### Exercise:
Given the records underneath, please repeat exactly the lines from the line with "Google Trends Screenshot" through the line with "Queen Rosalie Gicanda grave", passing over any picture.

### Records supplied:
☆ ☆ ☆ ☆ ☆ ☆ ☆

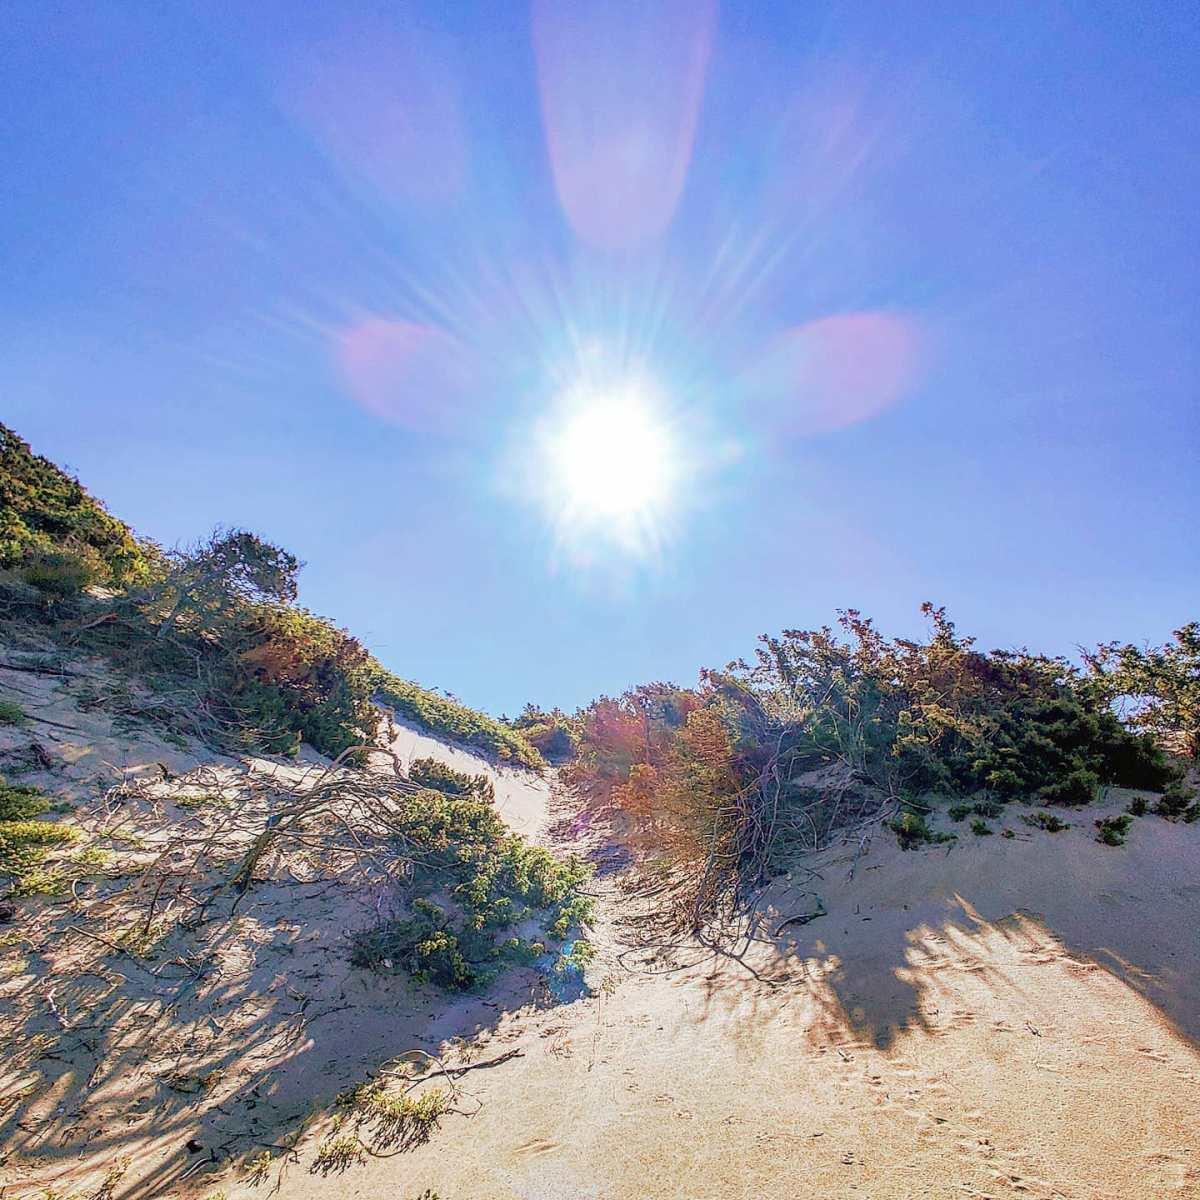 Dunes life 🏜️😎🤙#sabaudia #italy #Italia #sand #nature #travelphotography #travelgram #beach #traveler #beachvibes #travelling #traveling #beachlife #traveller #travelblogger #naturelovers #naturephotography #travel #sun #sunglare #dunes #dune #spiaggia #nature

☆ ☆ ☆ ☆ ☆ ☆ ☆

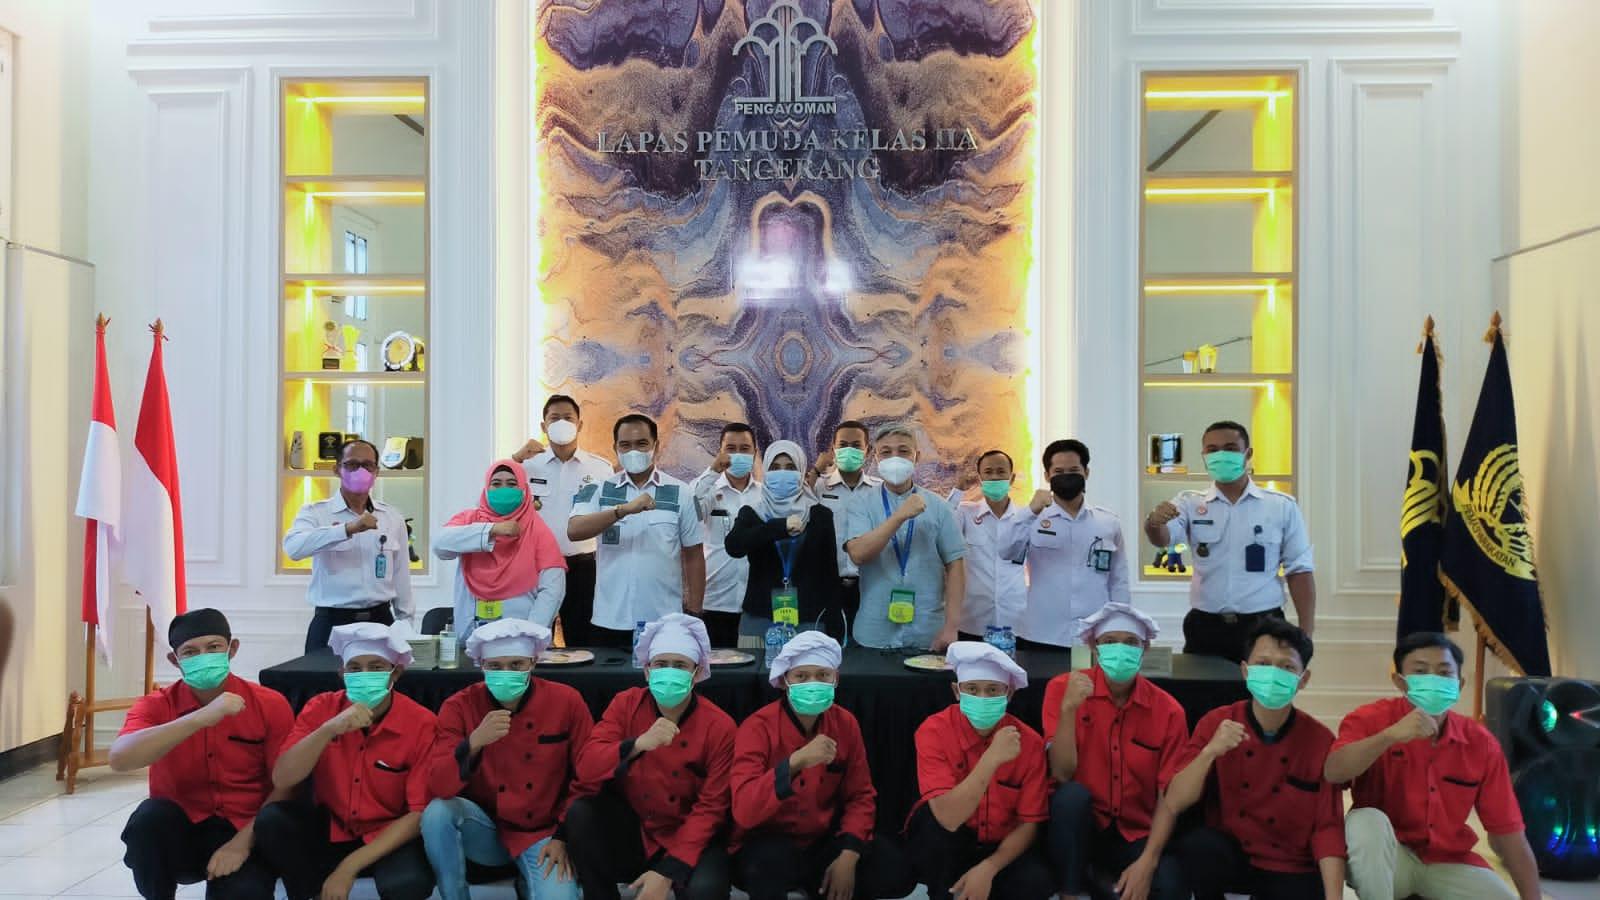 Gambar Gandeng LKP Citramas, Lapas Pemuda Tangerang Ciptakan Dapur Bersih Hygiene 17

☆ ☆ ☆ ☆ ☆ ☆ ☆

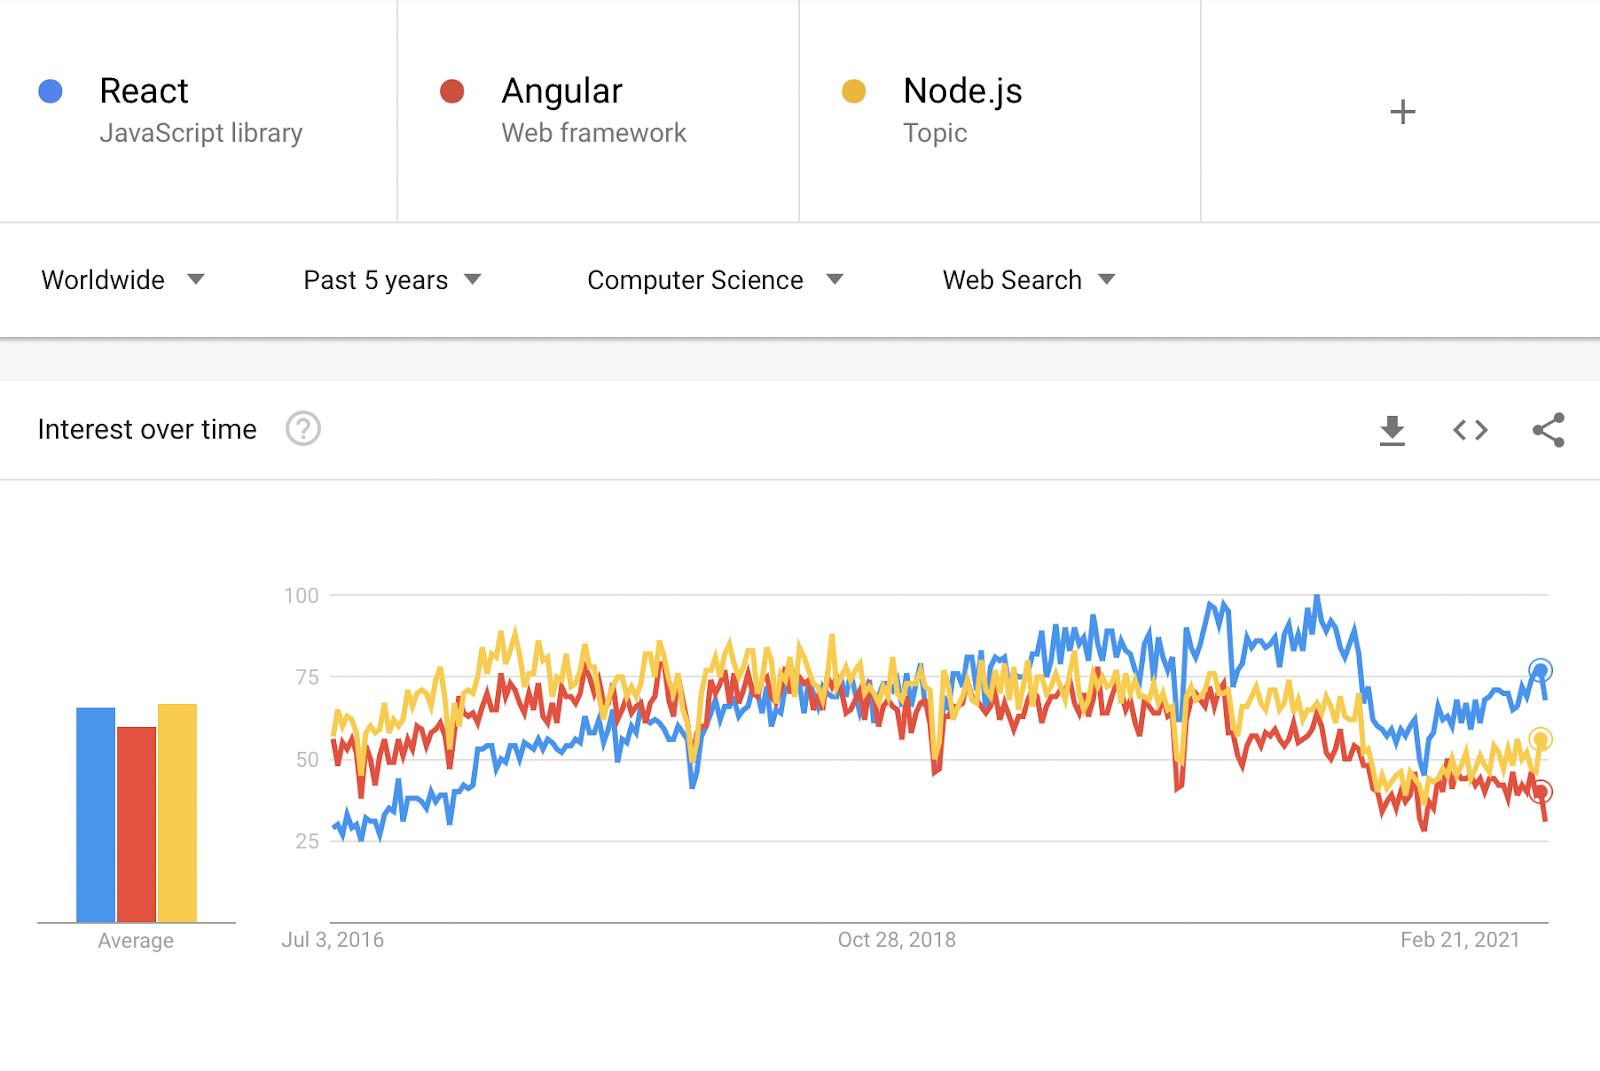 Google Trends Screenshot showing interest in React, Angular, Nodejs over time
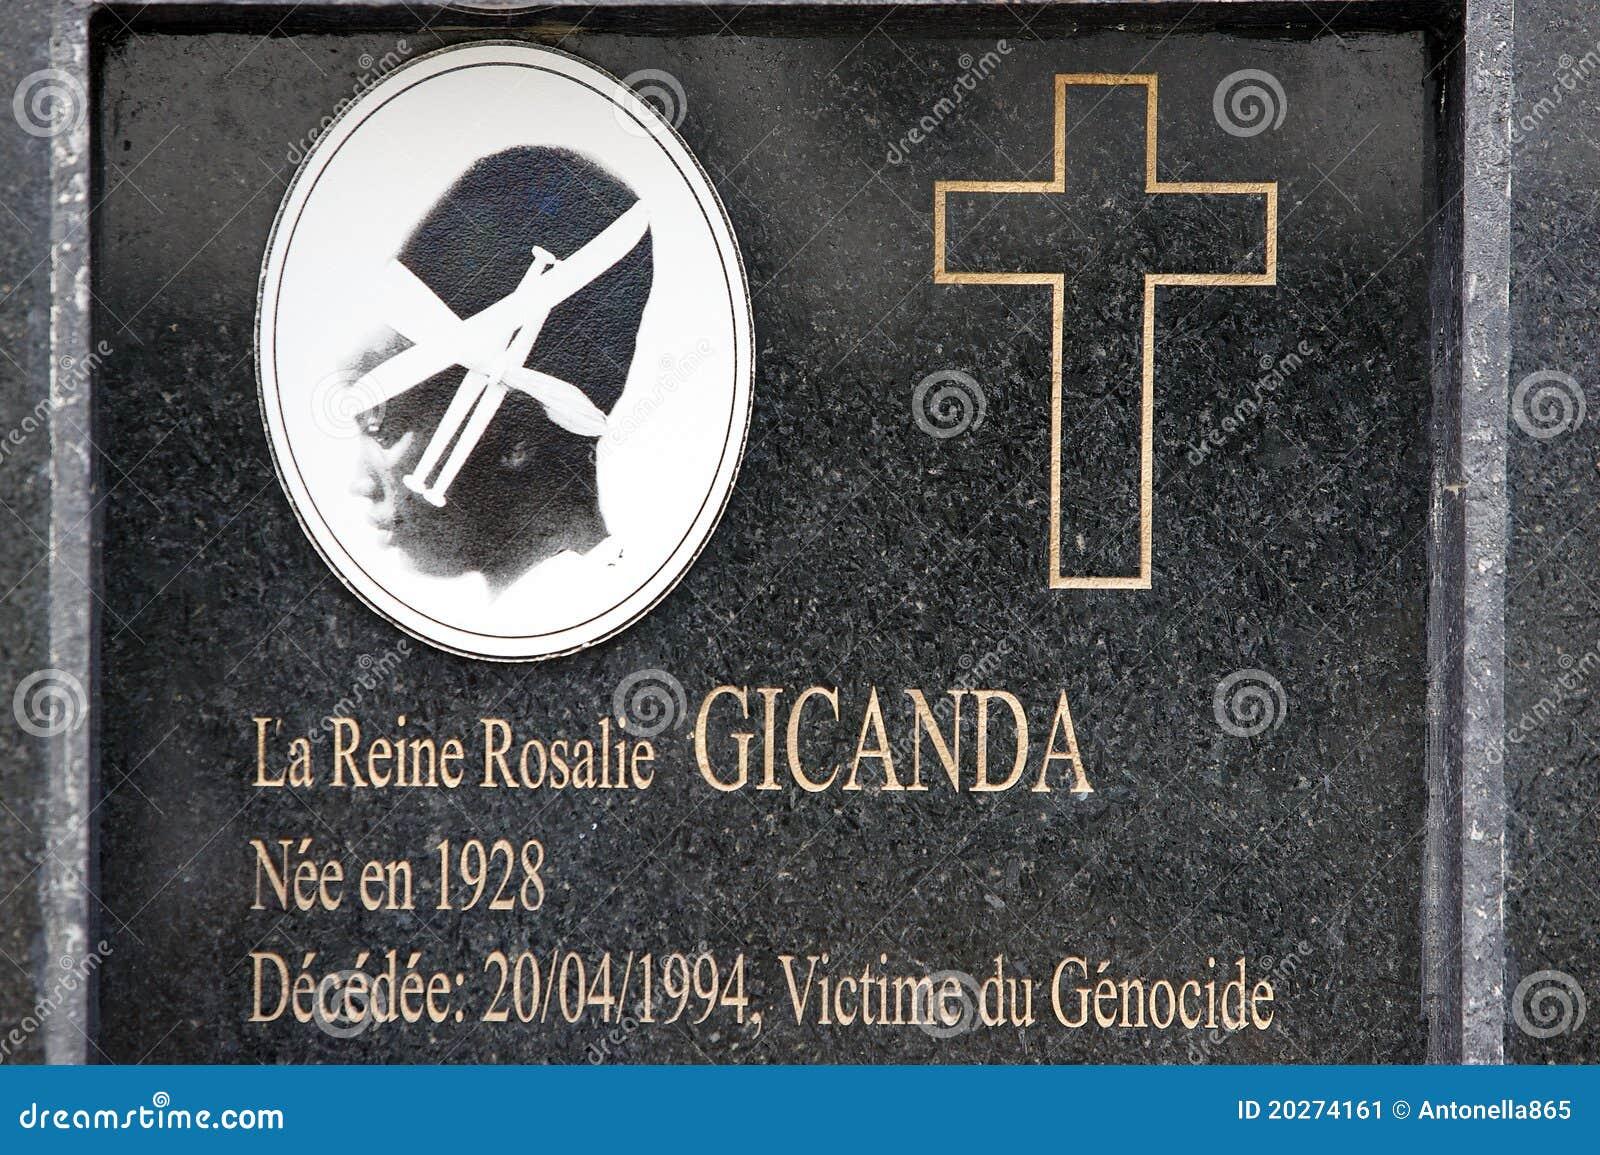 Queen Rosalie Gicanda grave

☆ ☆ ☆ ☆ ☆ ☆ ☆

### Expected output:
 Google Trends Screenshot showing interest in React, Angular, Nodejs over time
 Queen Rosalie Gicanda grave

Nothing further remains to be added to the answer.